'Cybersquatting' criminals profit on big brand name products

By Mani Raj

Advertisers are spending more money online but big brand name firms are losing their reputation, customers and millions of dollars in sales, to shady marketers.

According to a report by MarkMonitor, deceptive marketing tactics to build traffic for rogue sites to sell fake branded products rose 17%, last year.

These shady marketers are using so-called cybersquatting to digitally steal credit card information, generate clicks on ads to skim revenue from online ad networks or to sell fake products like pharmaceuticals or expensive handbags.

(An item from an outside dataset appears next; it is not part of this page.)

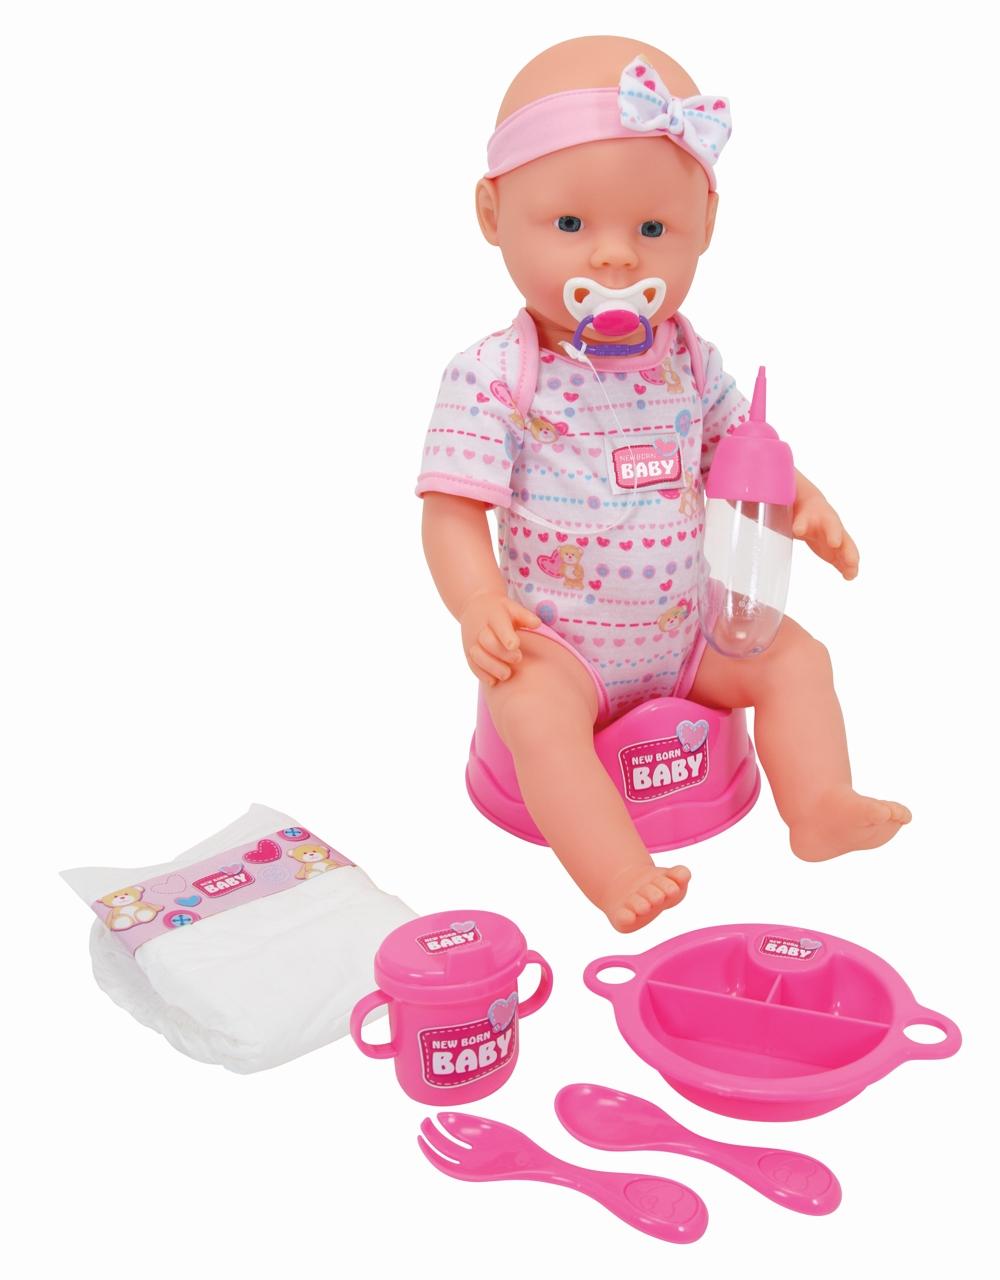 simba toys new born baby drink wet preisvergleich. Black Bedroom Furniture Sets. Home Design Ideas

These rogue marketers target electronics, sports apparel, luxury brands and pharmaceutical brands the most. They cost these brand name companies about $175 billion worldwide in lost revenue.

The daily incidences of cybersquatting against 30 of the top global brands rose to 449,484 last year versus 382,246 in 2007. Recent study says that big brands are more vulnerable to infringement online compared to other media as 29.5% of the 300 companies reported brand infringement on the internet versus 22.6% in other media.

Despite the big loss suffered by companies to cyber criminals, few of them invest in protecting their brands online. The report said 52% of the companies spend less than $100,000 on brand protection each year. Only 2.7% of them said they spend $5 million or more.